Interlocking pavers are most commonly made from cement or concrete, and tend to simulate the effects of cobblestone pathways. They can be used as a replacement to concrete and bricks to create various concrete features in residential and commercial properties. They are simple to install, replace, or maintain, which causes them to be more financially viable. Undoubtedly, one of the most vital characteristics of this material- is its rigidity and sturdiness; it is able to endure constant freeze-thaw conditions, in addition to weighty loads. These characteristics make them useful in parking areas, streets, loading docks and driveways.
Meanwhile, permeable interlocking concrete pavers assure considerable reduced storm water runoff, making them environment friendly. This leads to other advantages, such as a lesser need for drainage pipes, gutters, and curb systems. Slip-resistant interlocking materials are also useful in areas such as walkways and pool decks. Interlocking pavers also aid in stabilising loose soil and making areas such as driveways or parking lots more scenically appealing by allowing vegetation to grow in their hollow centers.

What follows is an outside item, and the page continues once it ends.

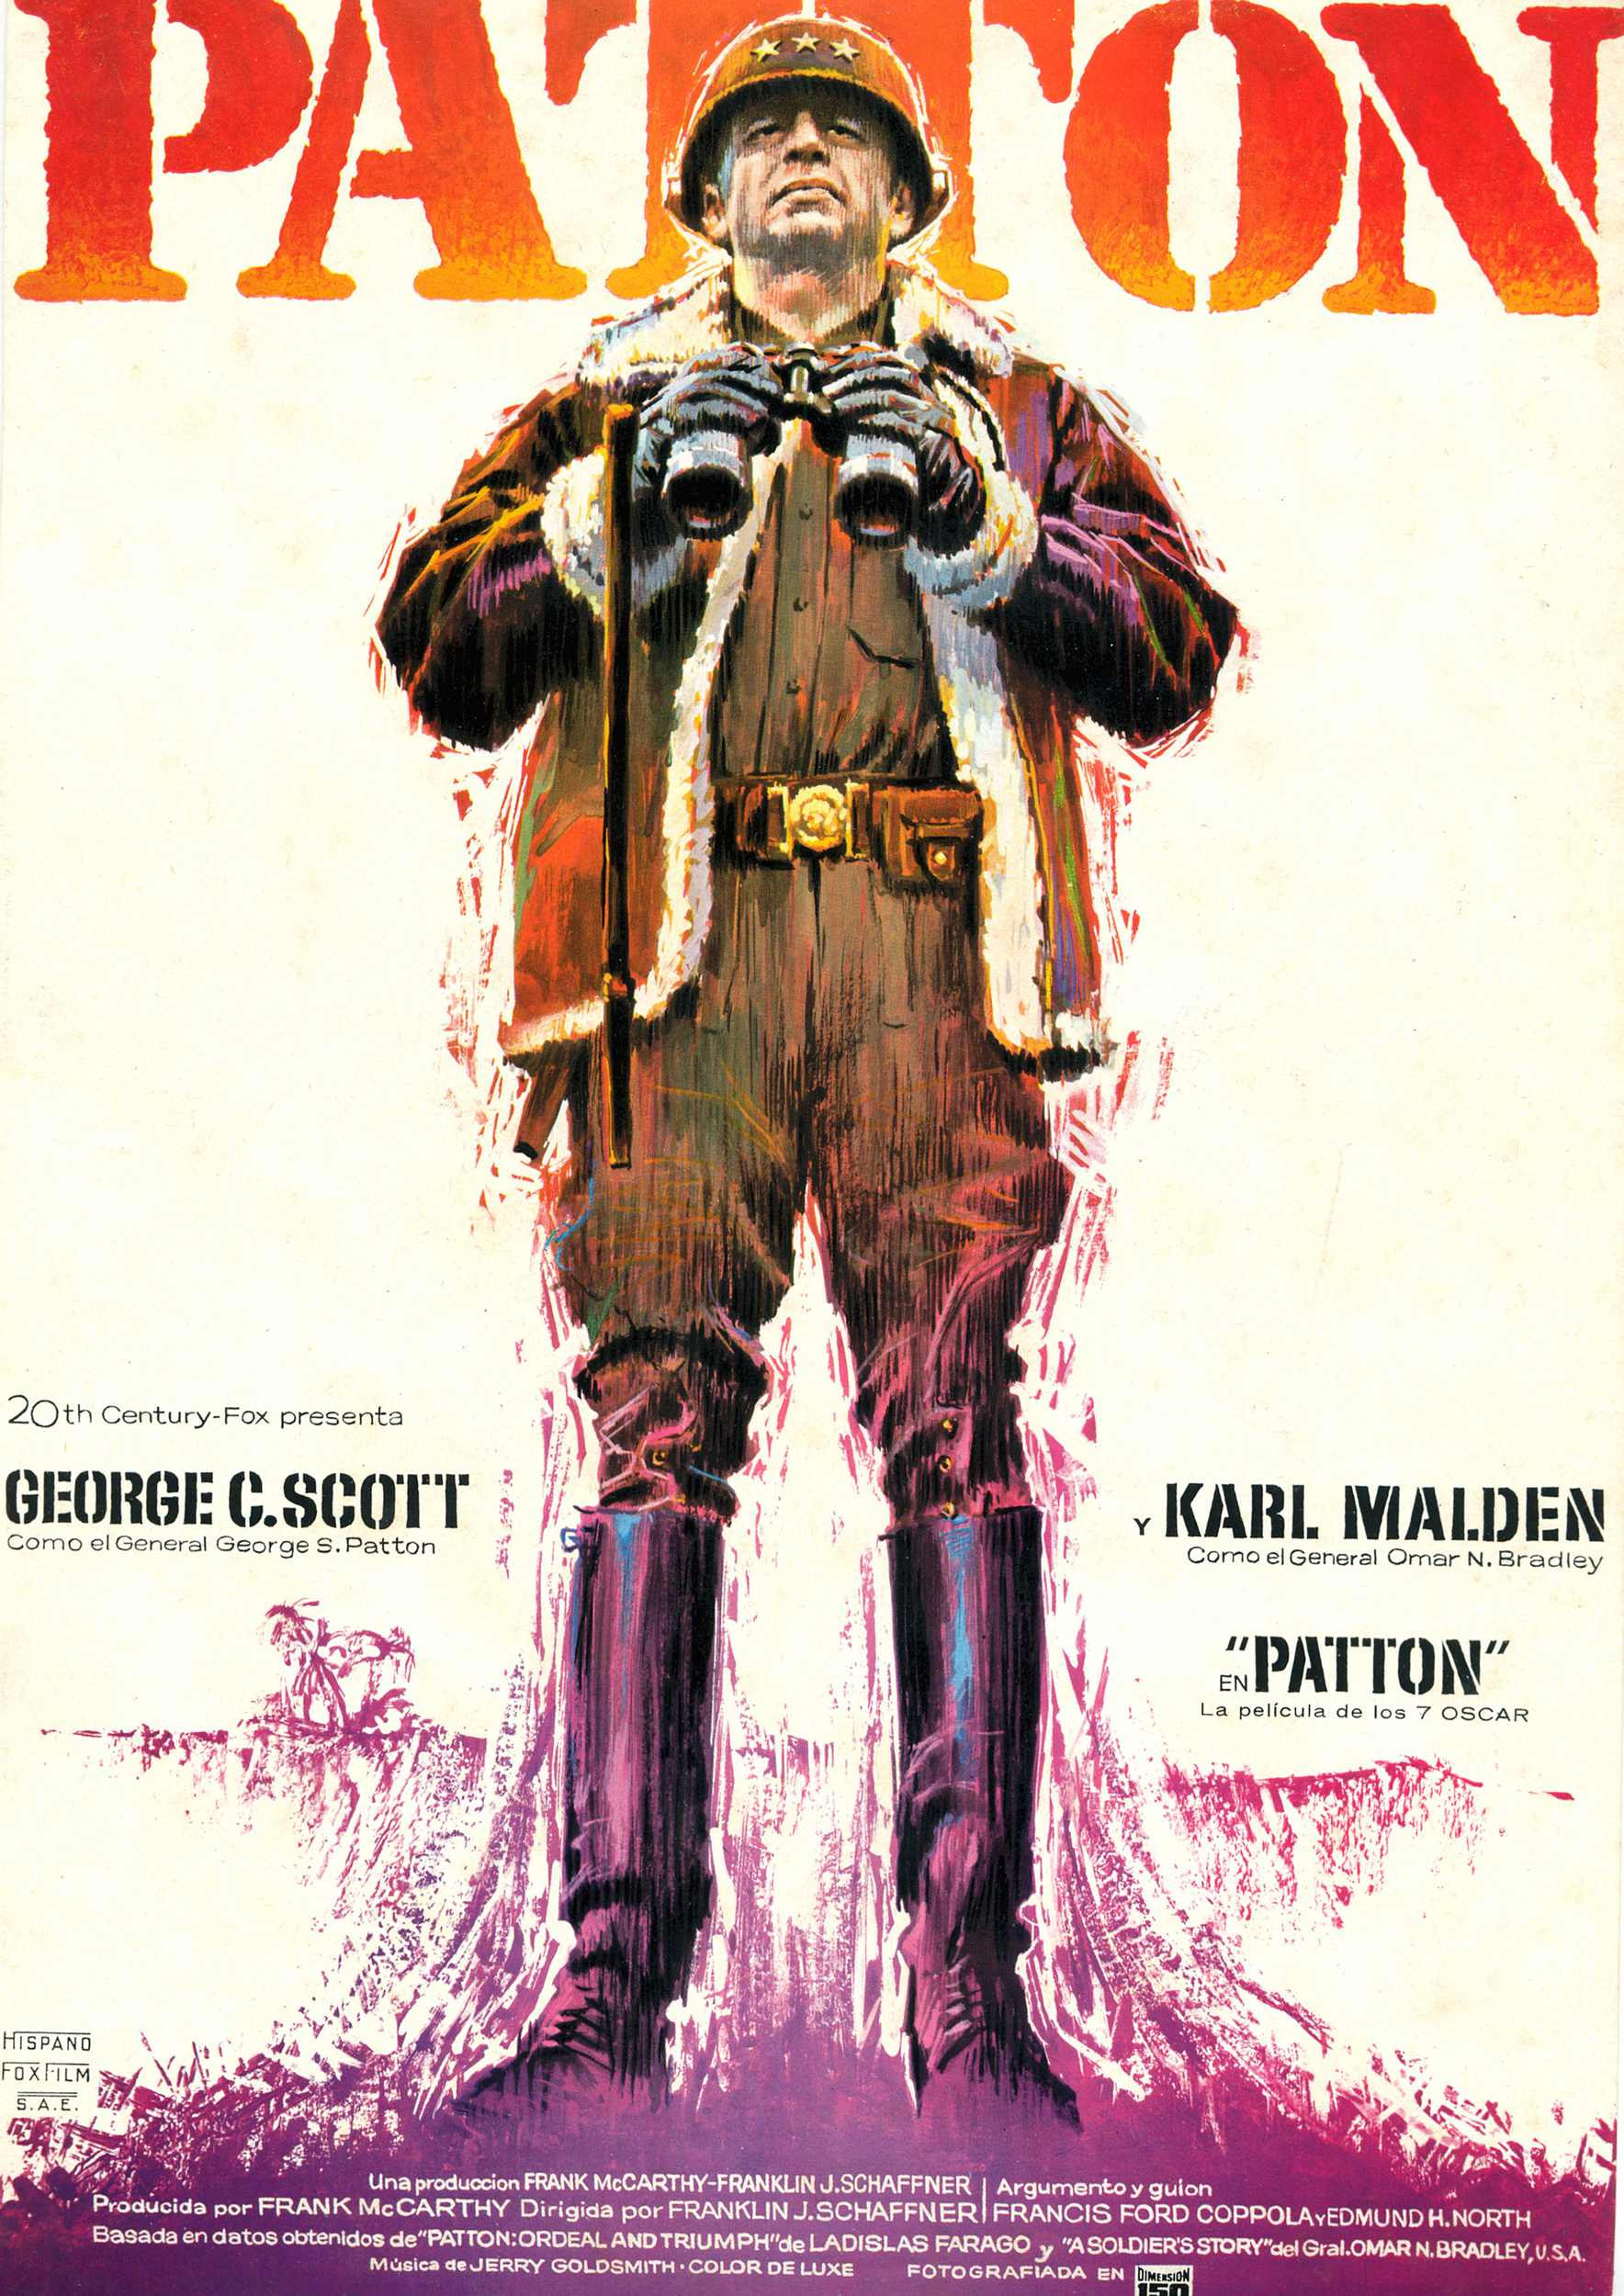 Patton (Patton) (1969)

This versatile building material also comes in a wide range of designs, textures, and colors and is therefore ideal for those who wish to attain a personalized or custom look in properties such as shopping malls and patios. By combining colors, designs, and shapes, it is possible to come up with themes like a herringbone pattern, Natural Stone, Old World, modern, or contemporary. The endless options are restricted only by one’s imagination.

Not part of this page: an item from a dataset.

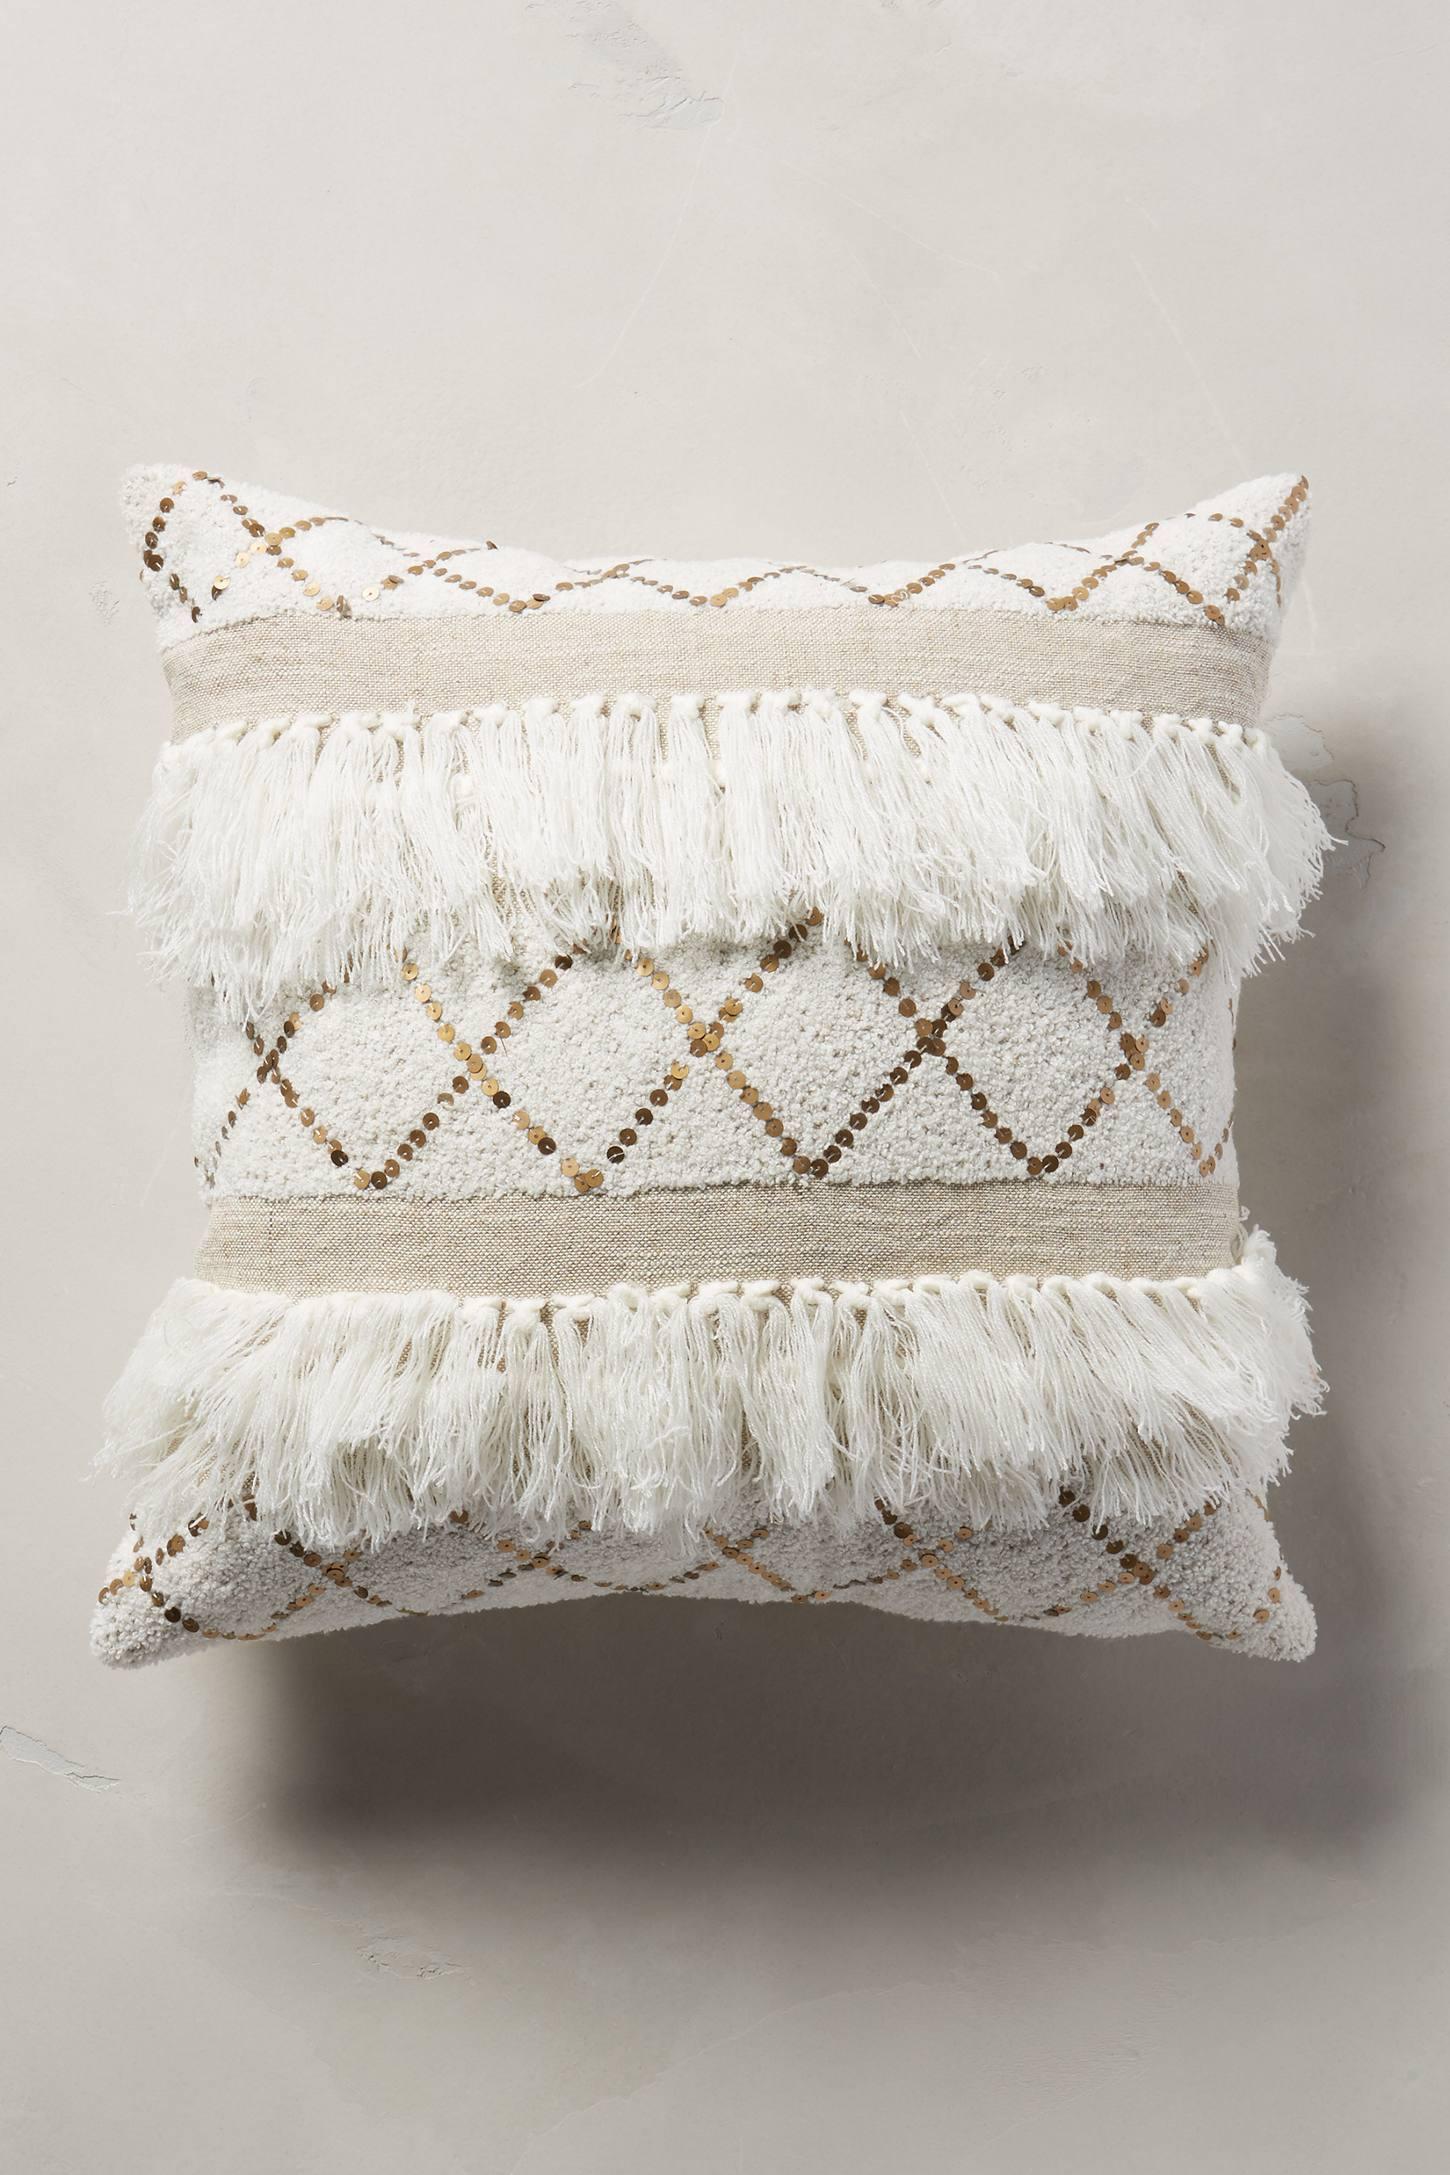 Throw Pillows Luxury : Like Anthropologie Morocco style cushion - BUYMA

Installing Interlocking Pavers
Interlocking pavers can easily be laid and maintained at home by a homeowner because a mortar or grout is not required- saving the homeowner on installation costs. The single specialized tool required in the installation of interlocking pavers is a tamping machine called a vibrator. This machine vibrates the minute spheres of sand until they are at their most compact. Advantageously, the sand does not readily wash out with rain or garden hose water. An additional sealer may be used, but many interlocking pavers are already pre-sealed. A driveway would definitely benefit from a sealer because it would prevent stains from oil and tire marks.

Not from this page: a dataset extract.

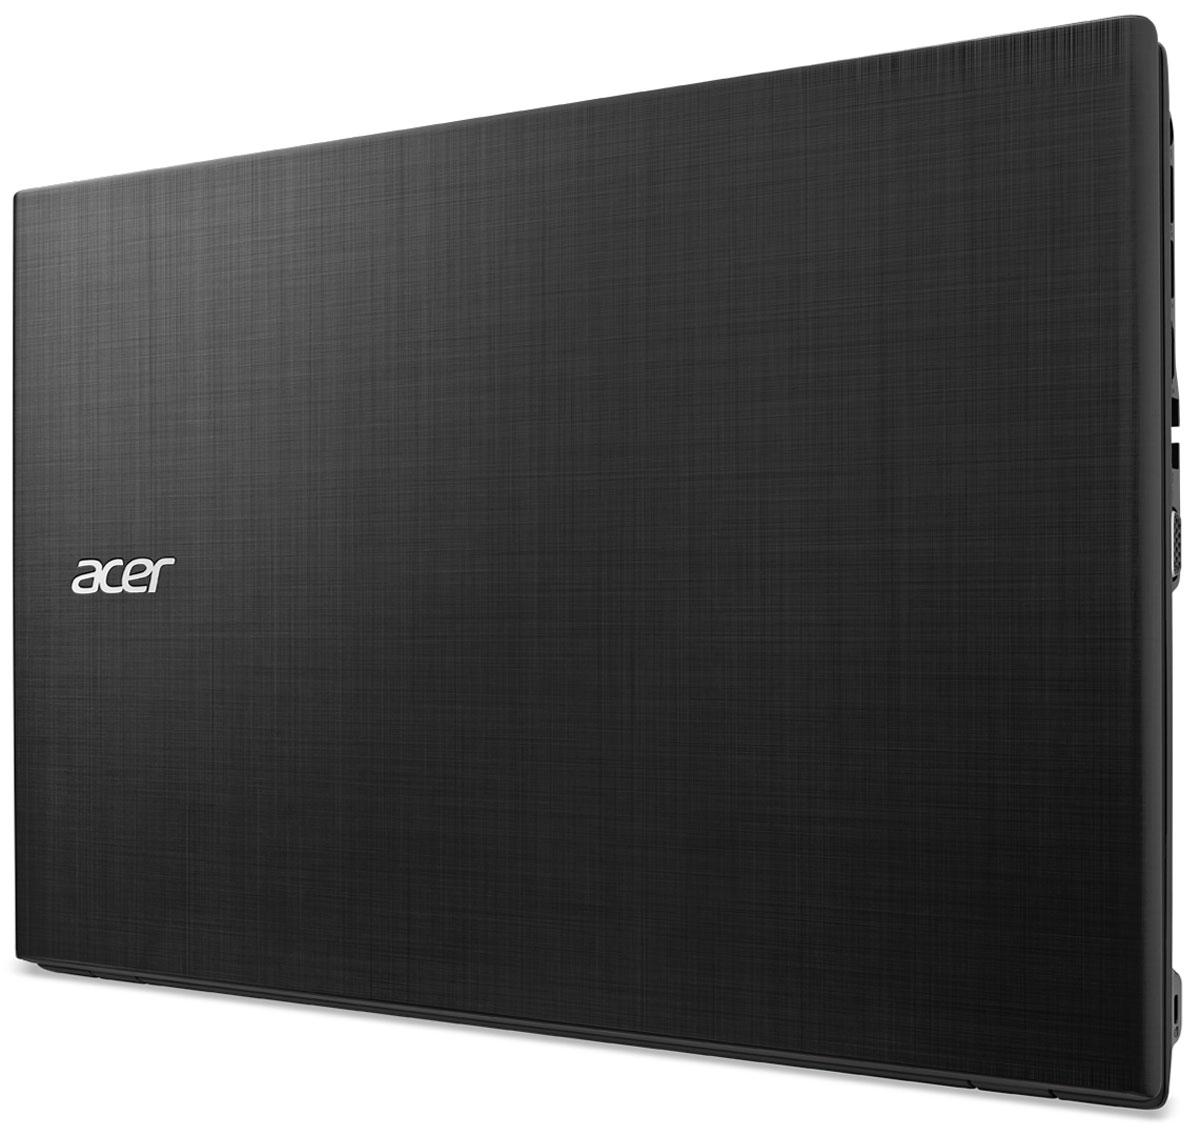 Acer Aspire F5-571G-59XP, Black (YBNX.GA2ER.004)

Firstly, a hole to the depth of 2-4” (5-10cm), depending on the tile’s thickness, is dug in the section that is going to be paved. Then, a thin layer of gravel and thick layer of sand are placed on the area to make the surface level. The pavers are then set on top according to the planned layout.
Instead of connecting the pavers, as tiles would be, by pouring grout in between the joints, fine sand particles are simply tamped down. The sand stabilises the interlocking pavers while allowing for some flexibility- resulting in the pavement being able to absorb stress from small earthquakes, freezes and thaws, or slight ground erosion by shifting each tile by only a fraction.
Due to their vast array of benefits, interlocking pavers are one of the most valued paving and landscaping materials among builders, engineers, landscaping companies, and property owners.